## SOURCE MATERIAL

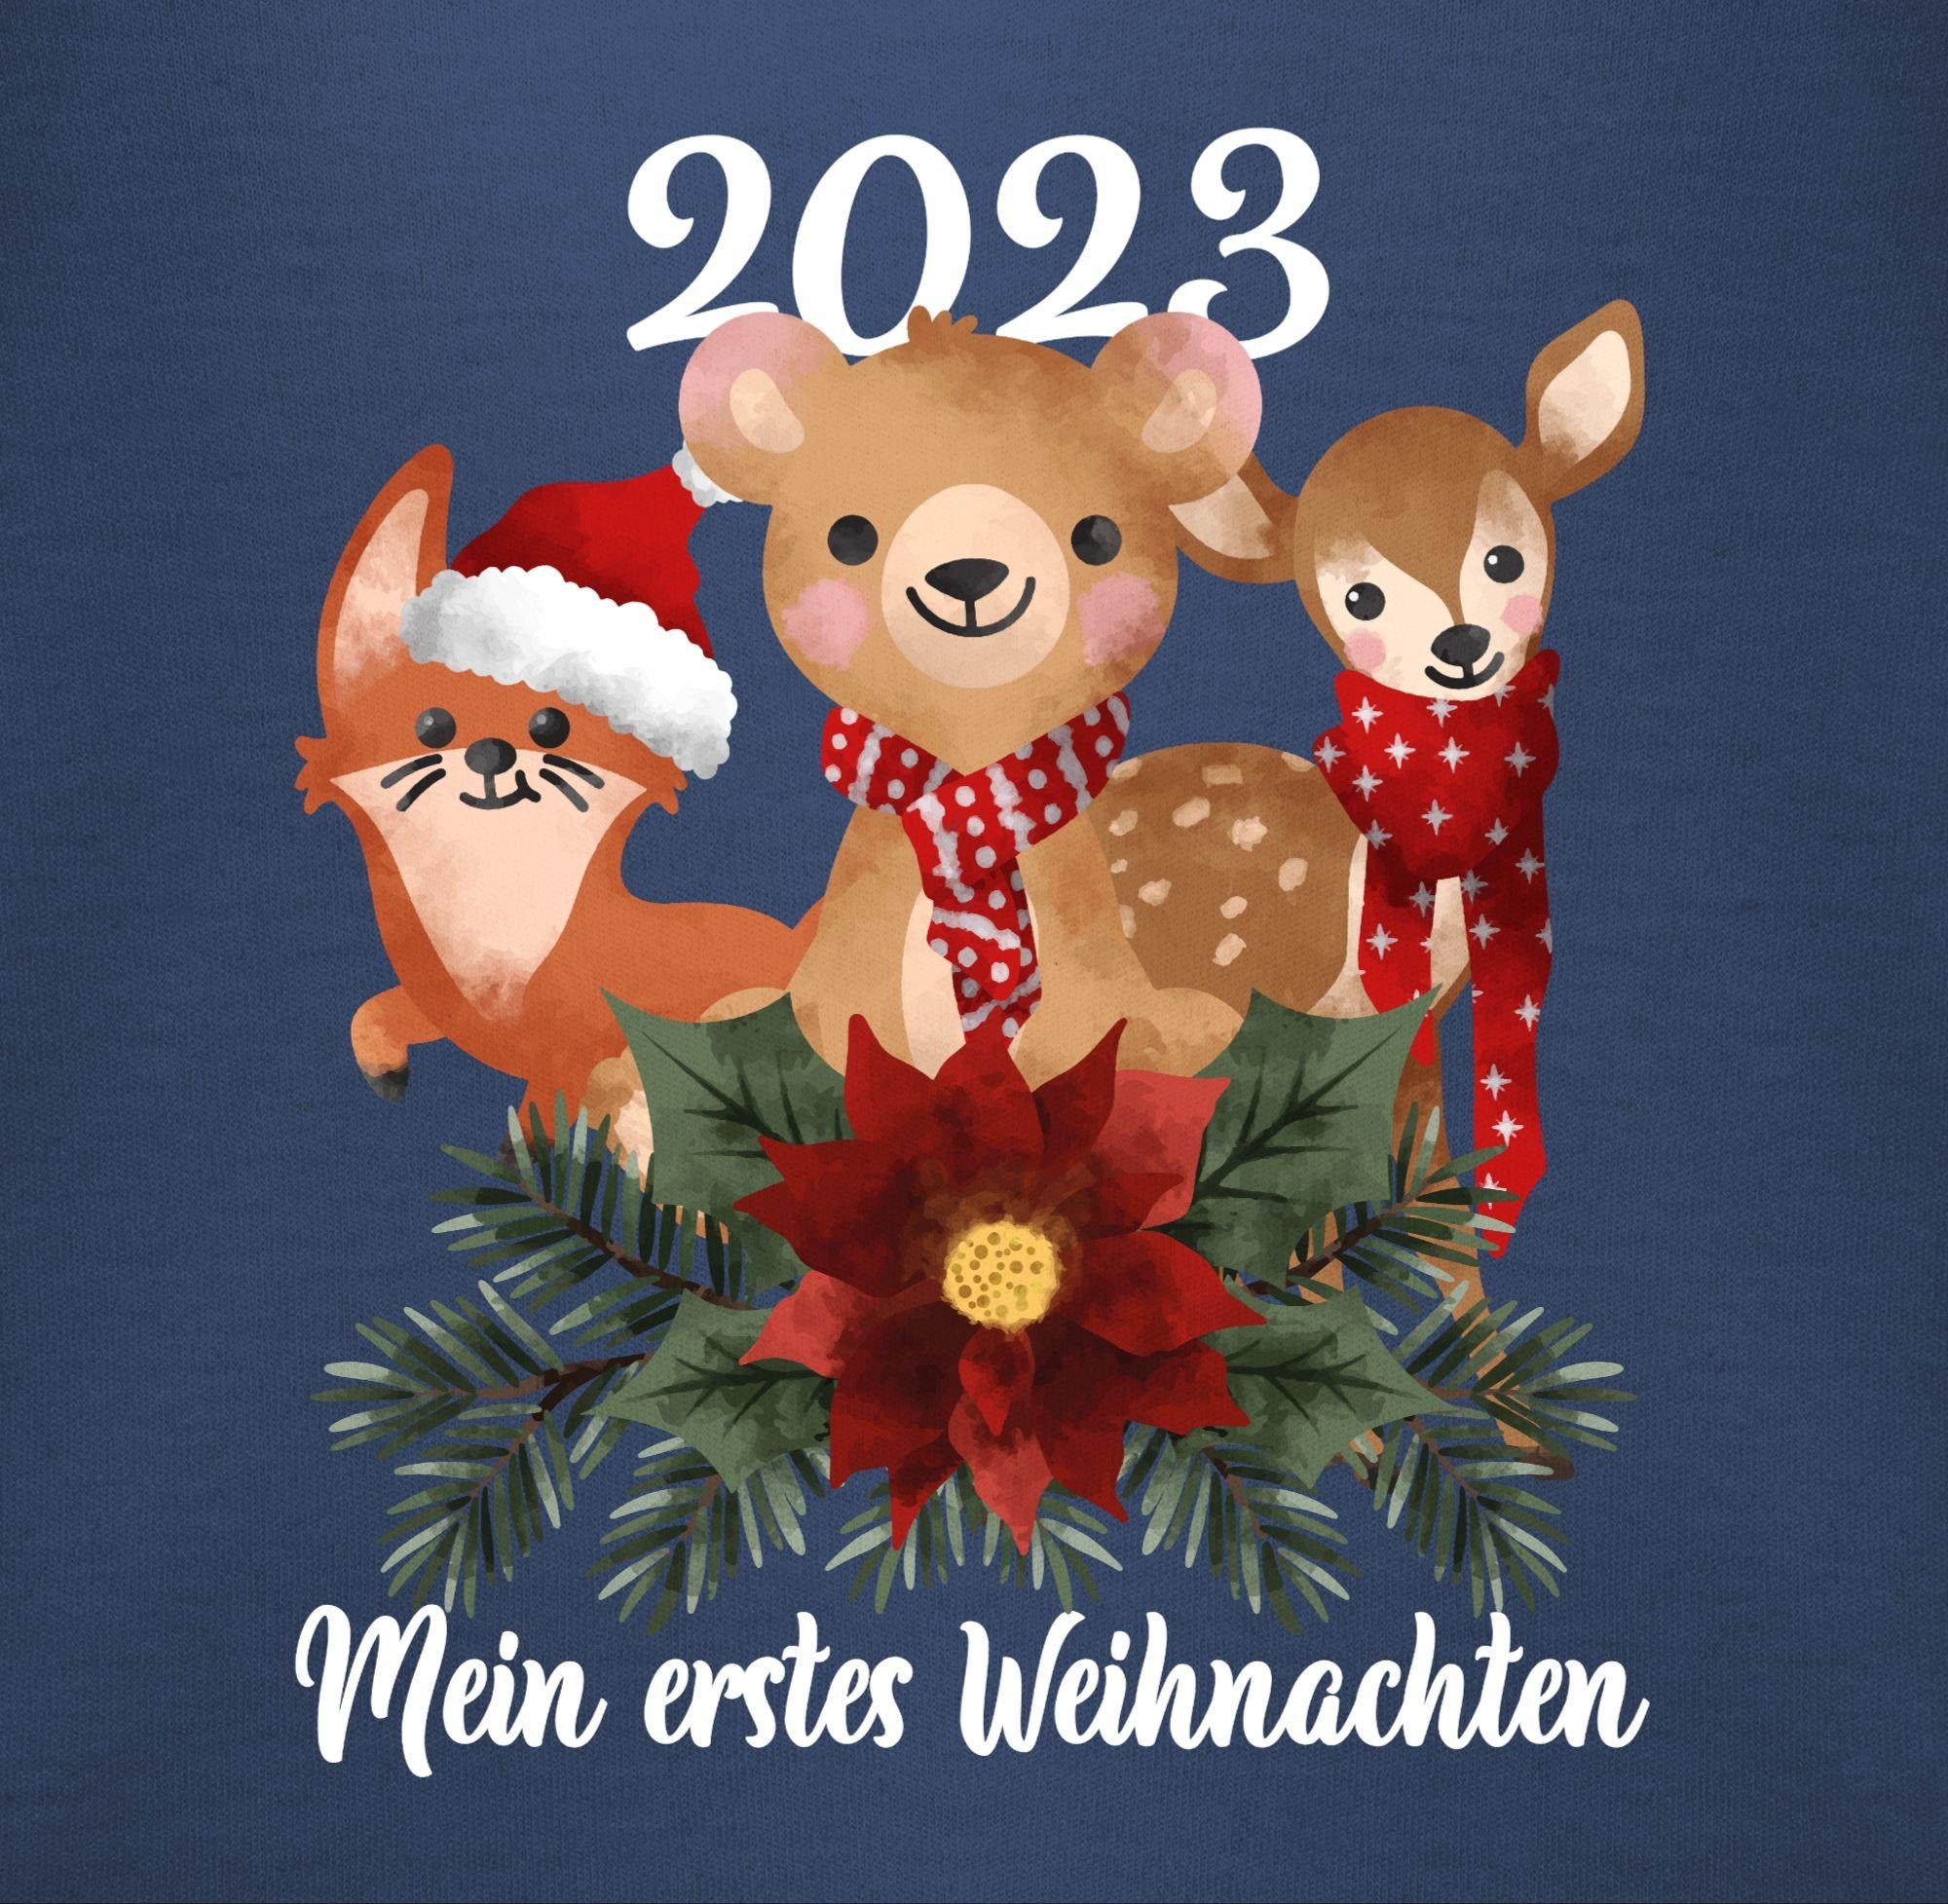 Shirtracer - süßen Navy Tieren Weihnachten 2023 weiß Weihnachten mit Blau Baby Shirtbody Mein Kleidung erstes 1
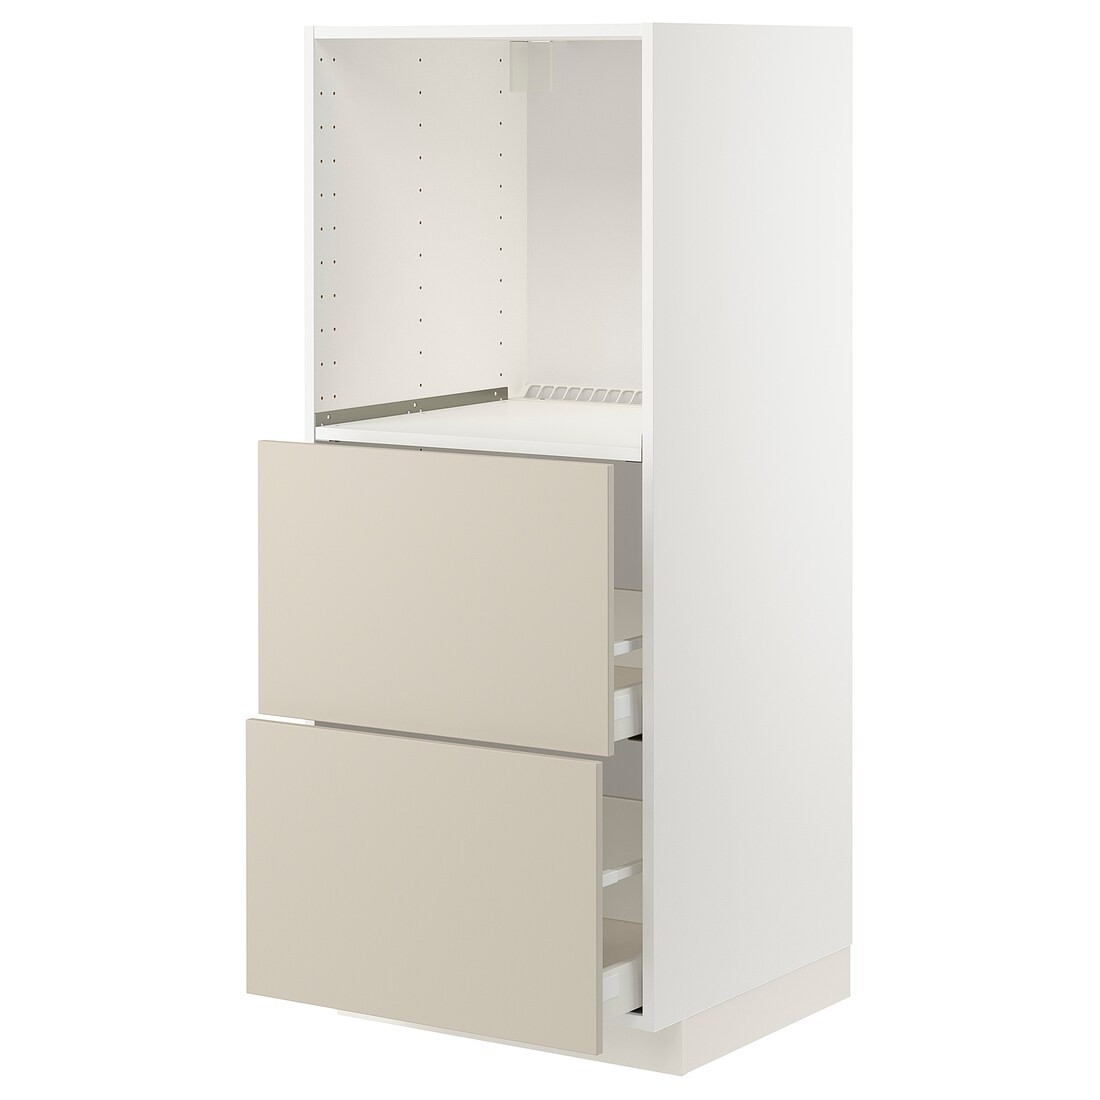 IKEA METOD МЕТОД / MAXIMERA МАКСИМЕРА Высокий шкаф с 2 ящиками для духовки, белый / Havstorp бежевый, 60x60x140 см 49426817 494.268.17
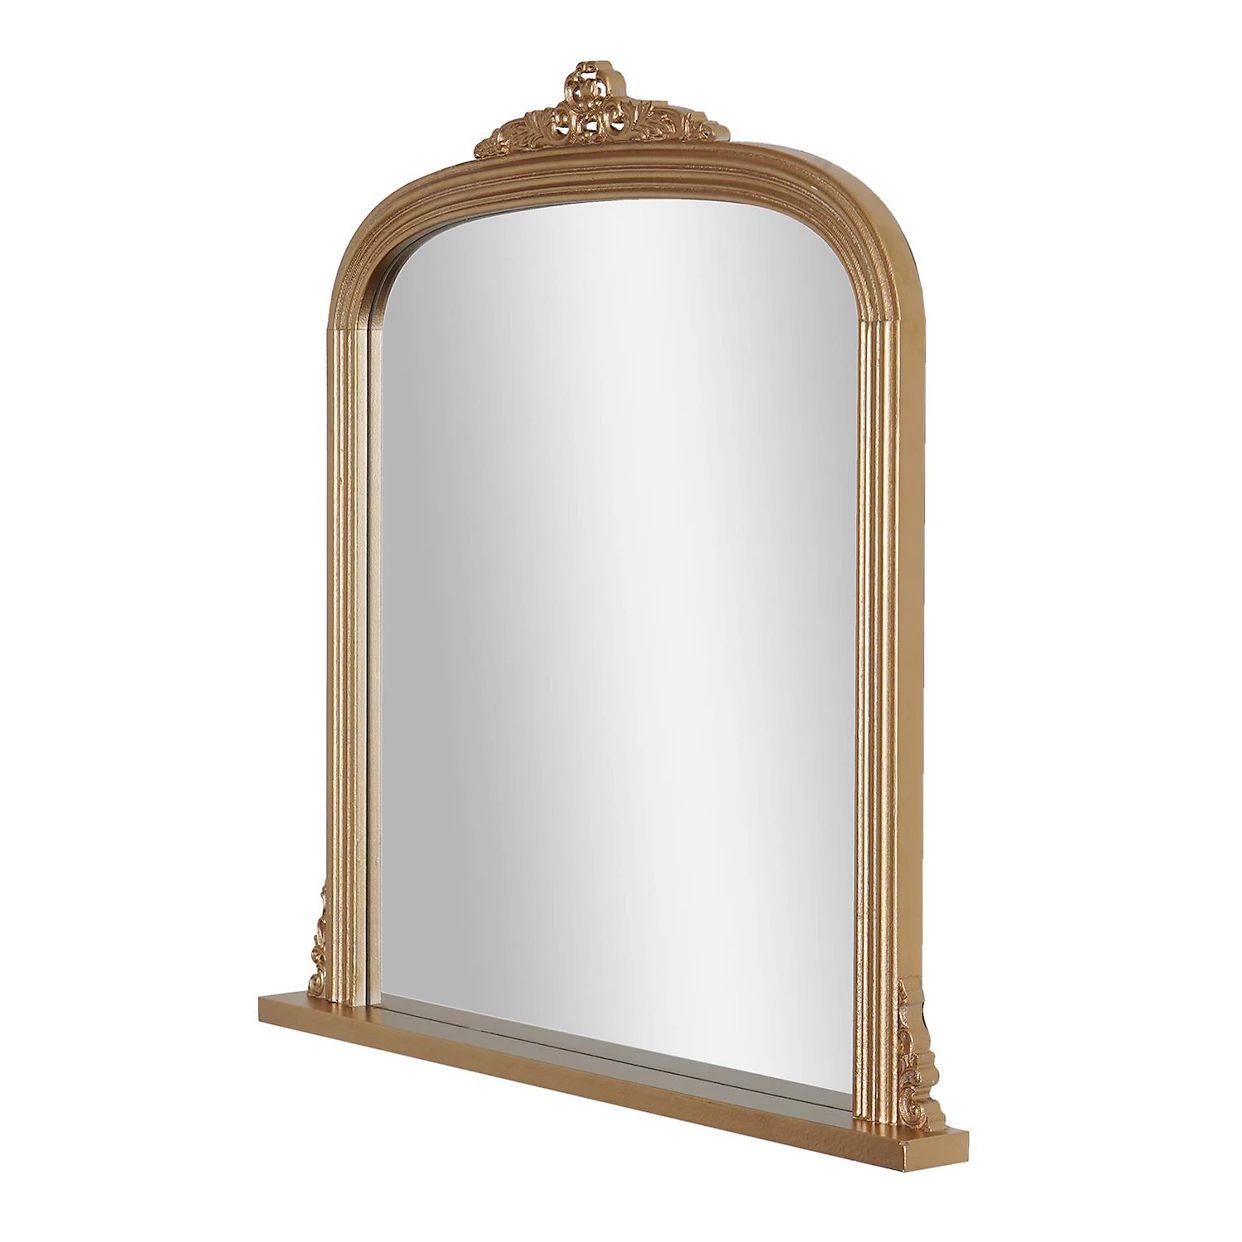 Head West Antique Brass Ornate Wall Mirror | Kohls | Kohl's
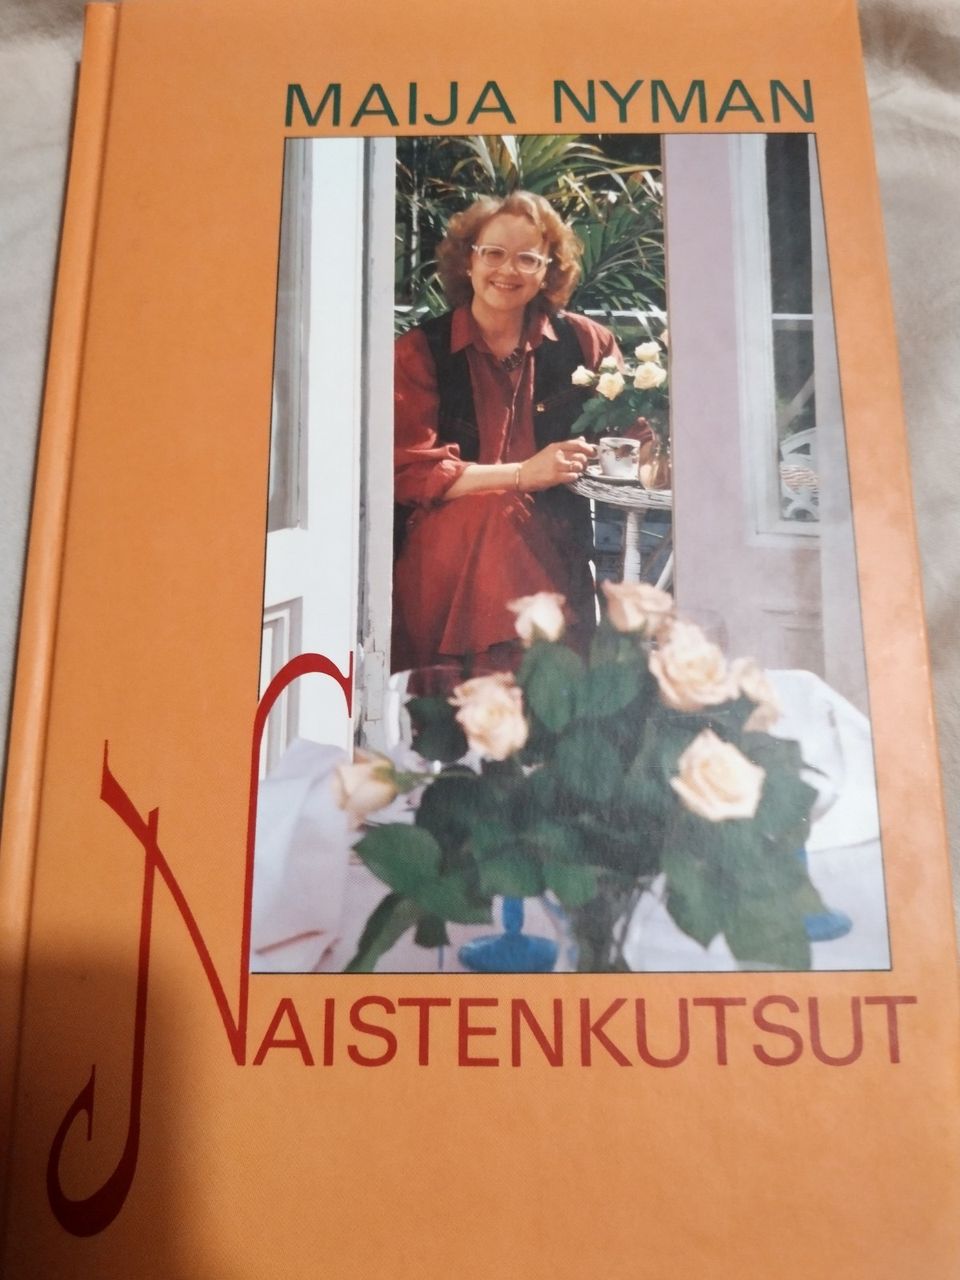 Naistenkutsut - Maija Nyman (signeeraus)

## WORK TO BE COMPLETED
Repeat all the data as it stands, dropping any images it holds.

## ANSWER TO THIS EXERCISE
 Shirtracer - süßen Navy Tieren Weihnachten 2023 weiß Weihnachten mit Blau Baby Shirtbody Mein Kleidung erstes 1
 IKEA METOD МЕТОД / MAXIMERA МАКСИМЕРА Высокий шкаф с 2 ящиками для духовки, белый / Havstorp бежевый, 60x60x140 см 49426817 494.268.17
 Head West Antique Brass Ornate Wall Mirror | Kohls | Kohl's
 Naistenkutsut - Maija Nyman (signeeraus)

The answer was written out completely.